In Chapter 1 you revised binary numbers. You also learnt how to convert numbers between different number systems.

Here are the binary numbers that correspond to the decimal numbers 1 to 10 again:

\begin{array}{|c|c|} \hline \text{decimal number} & \text{binary number} \\ \hline 1& 1 \\ 2& 10 \\ 3& 11 \\ 4& 100 \\ 5& 101 \\ 6& 110 \\ 7& 111 \\ 8& 1000 \\ 9& 1001 \\ 10& 1010 \\ \hline \end{array}

In this chapter you will learn how to add, subtract, multiply and divide binary numbers. Some of this work was done in previous years.

Remember that we work in groups of 2 in the base two number system.

### Worked example 3.1: Adding in the base two number system (Method 1)

Find the sum of $101_\text{two}$ and $111_\text{two}$.

1. Step 1: Write the numbers one below the other, without the subscript "two". Line up the digits under the powers of two.

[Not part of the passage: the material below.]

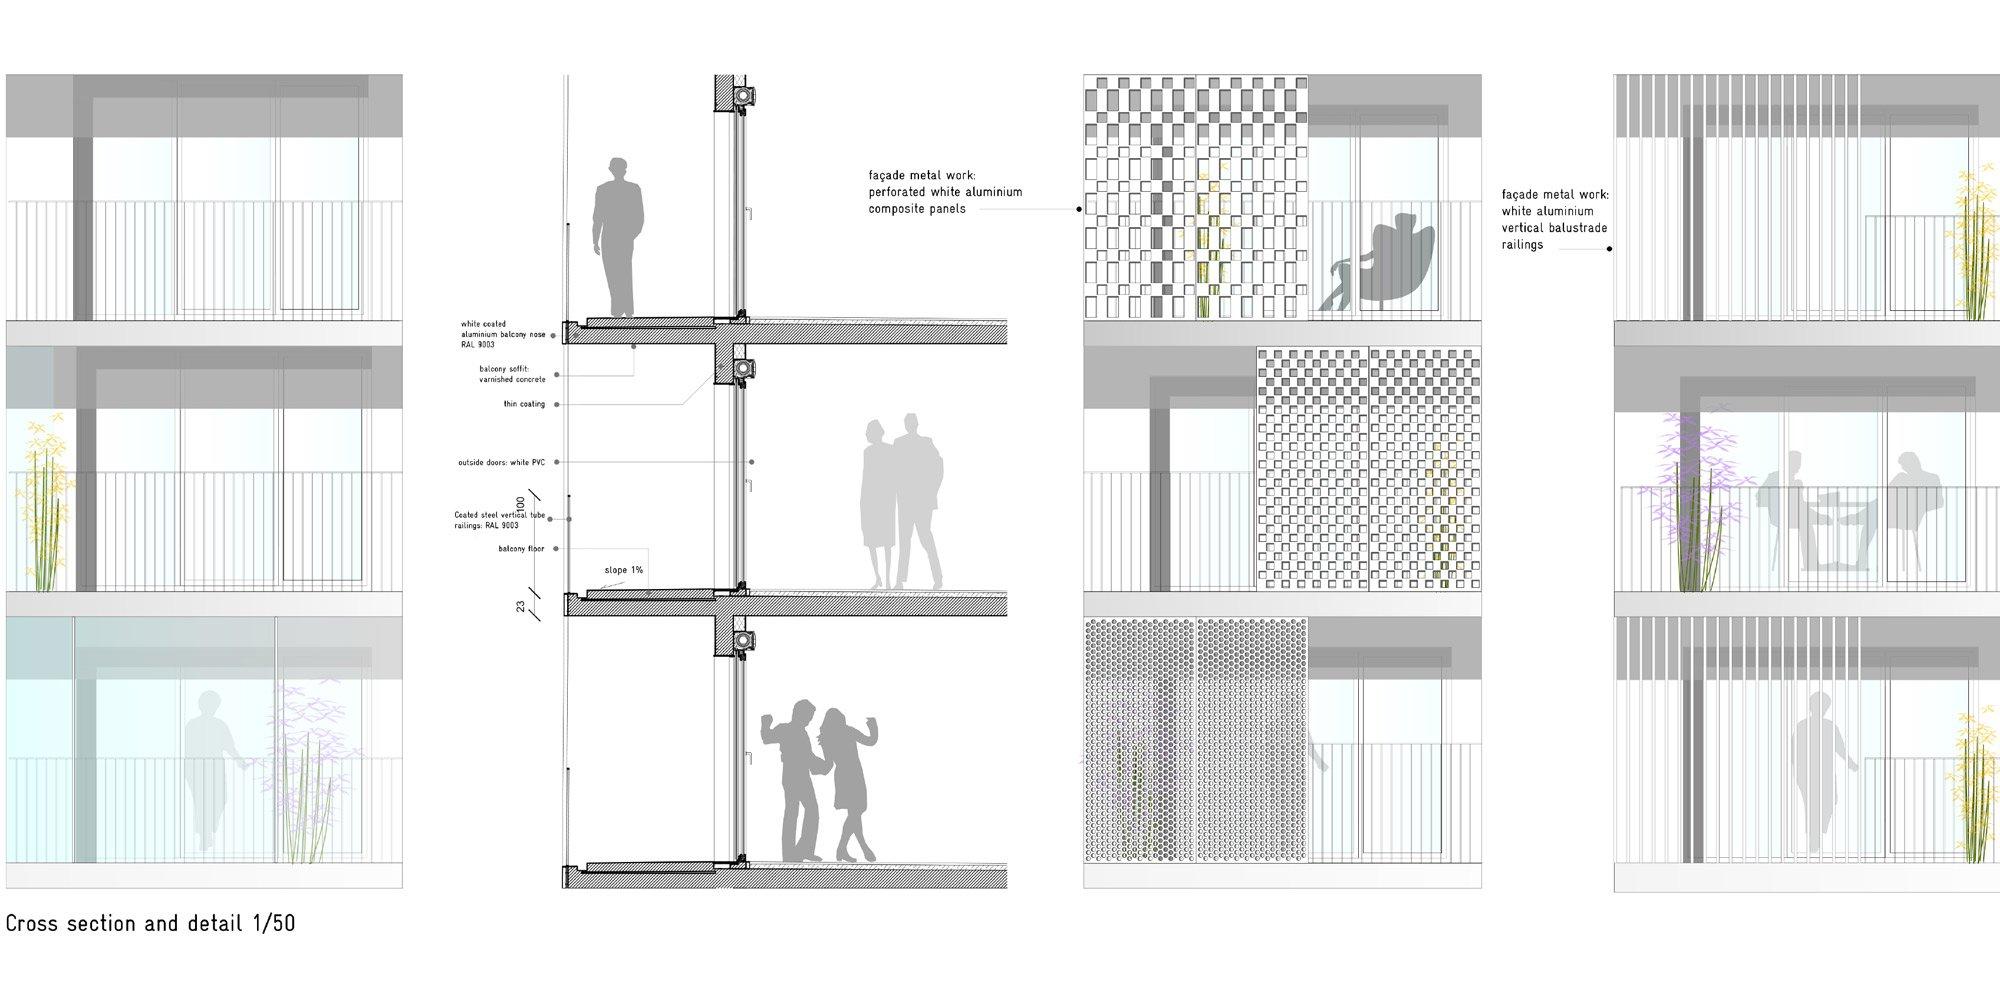 Dettaglio costruttivo © Hamonic + Masson & Associés
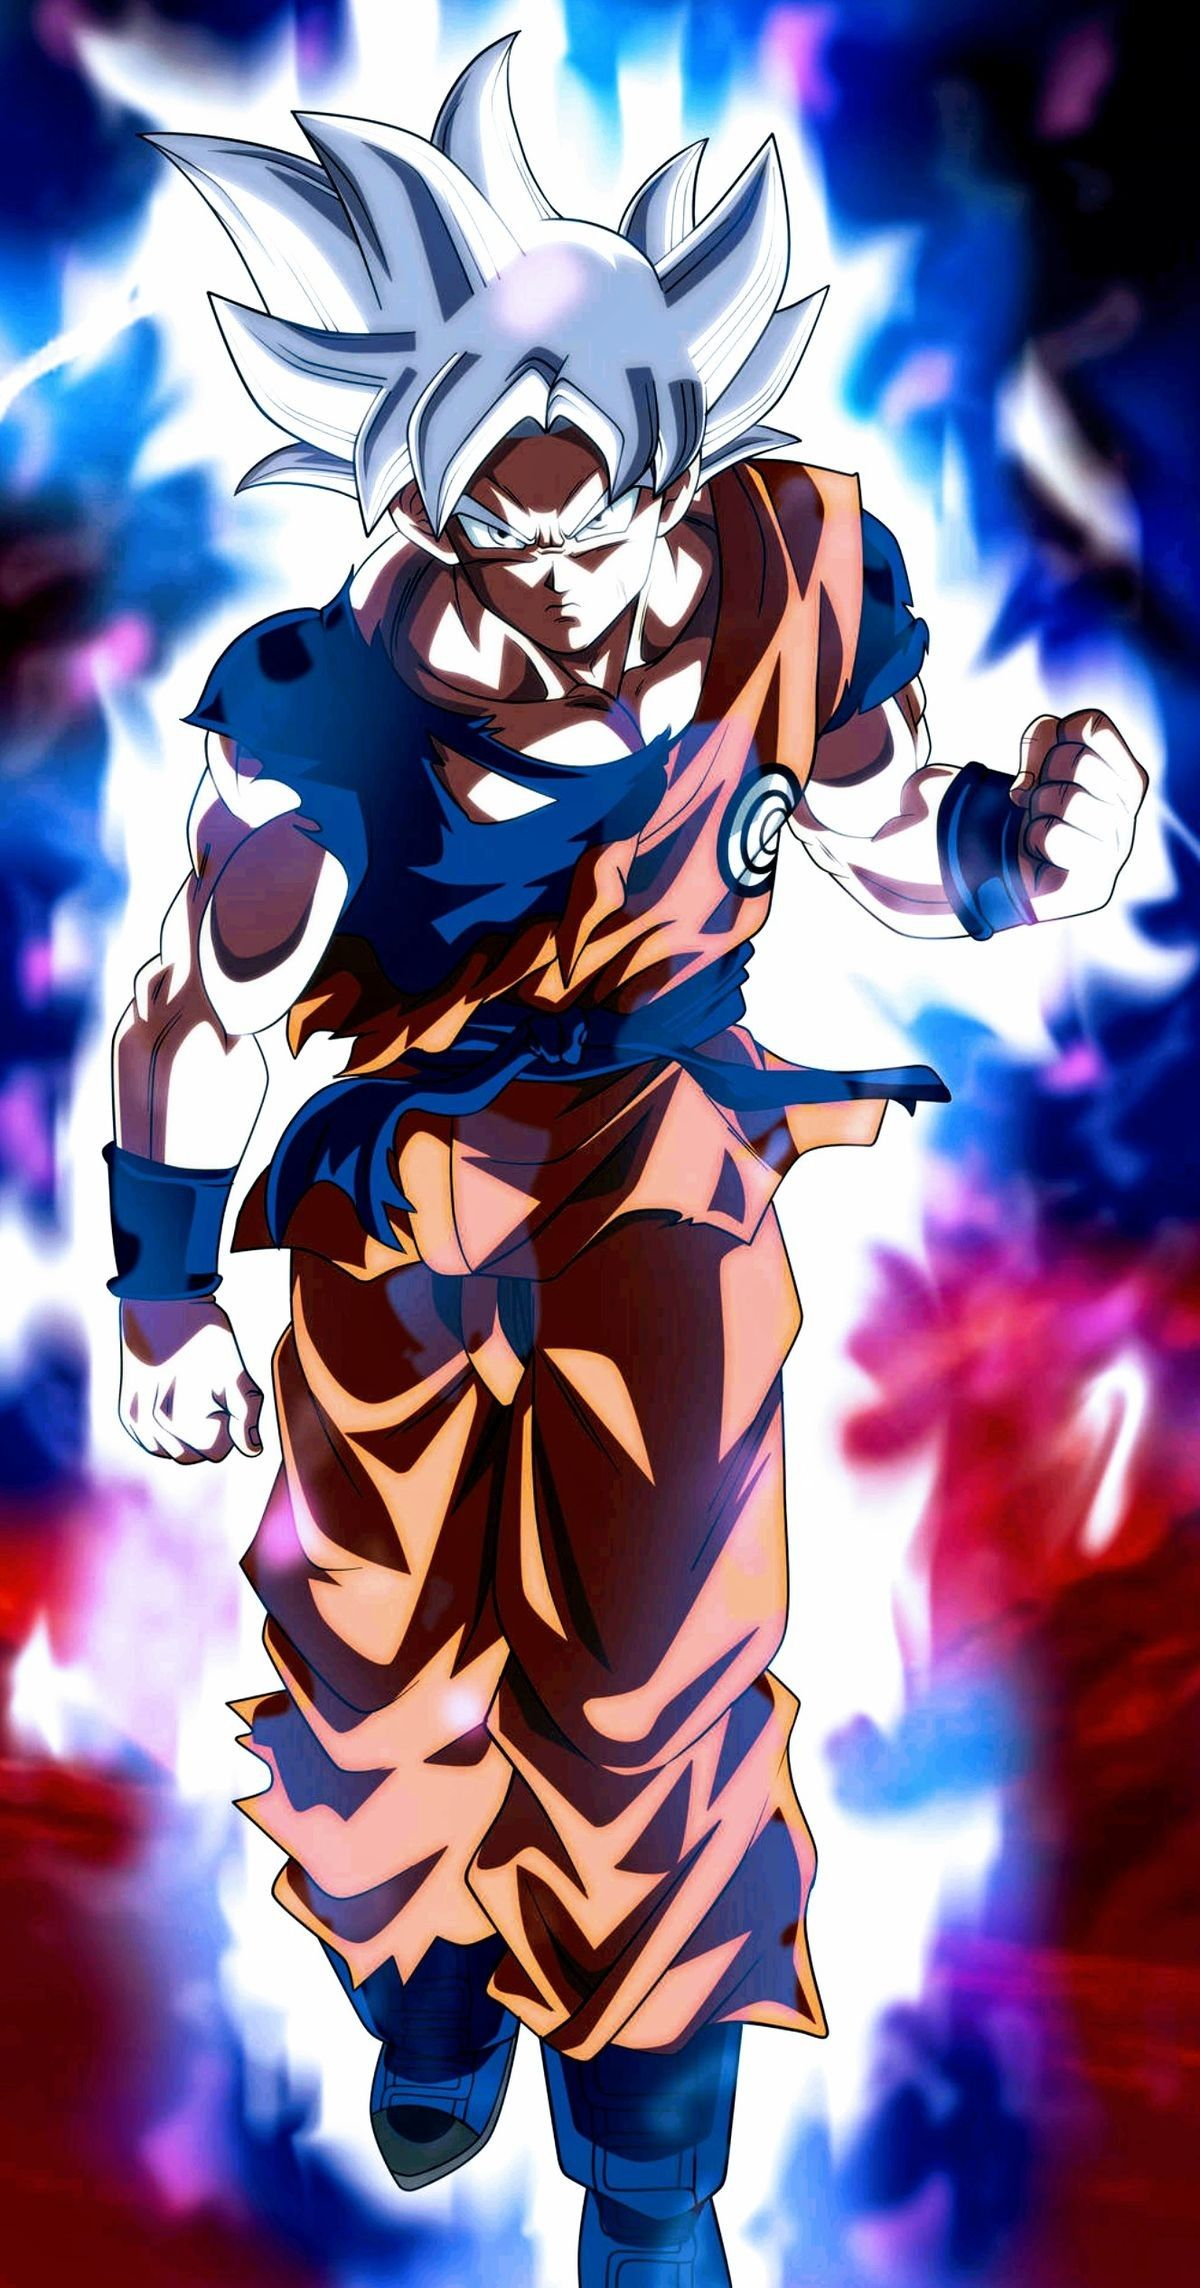 Iphone X Xr Xs 6 7 8 Plus Flexible Slim Tpu Protector Cover Silver Goku Anime Dragon Ball Super Anime Dragon Ball Dragon Ball Super Artwork

Remember that the powers of two, written from right to left in a place value table are: $2^0$, $2^1$, $2^2$, $2^3$, $2^4$, and so on.

\begin{array}{r r} & \color{blue}{2^3 \, 2^2 \, 2^1 \, 2^0 }\\ & 1\;\;0\;\;1\;\, \\ +& 1\;\;1\;\;1\;\, \\ \hline \end{array}
2. Step 2: Add the digits in the $2^0$ column. Decide how many groups of 2 you have and carry these over. Write down the remainder.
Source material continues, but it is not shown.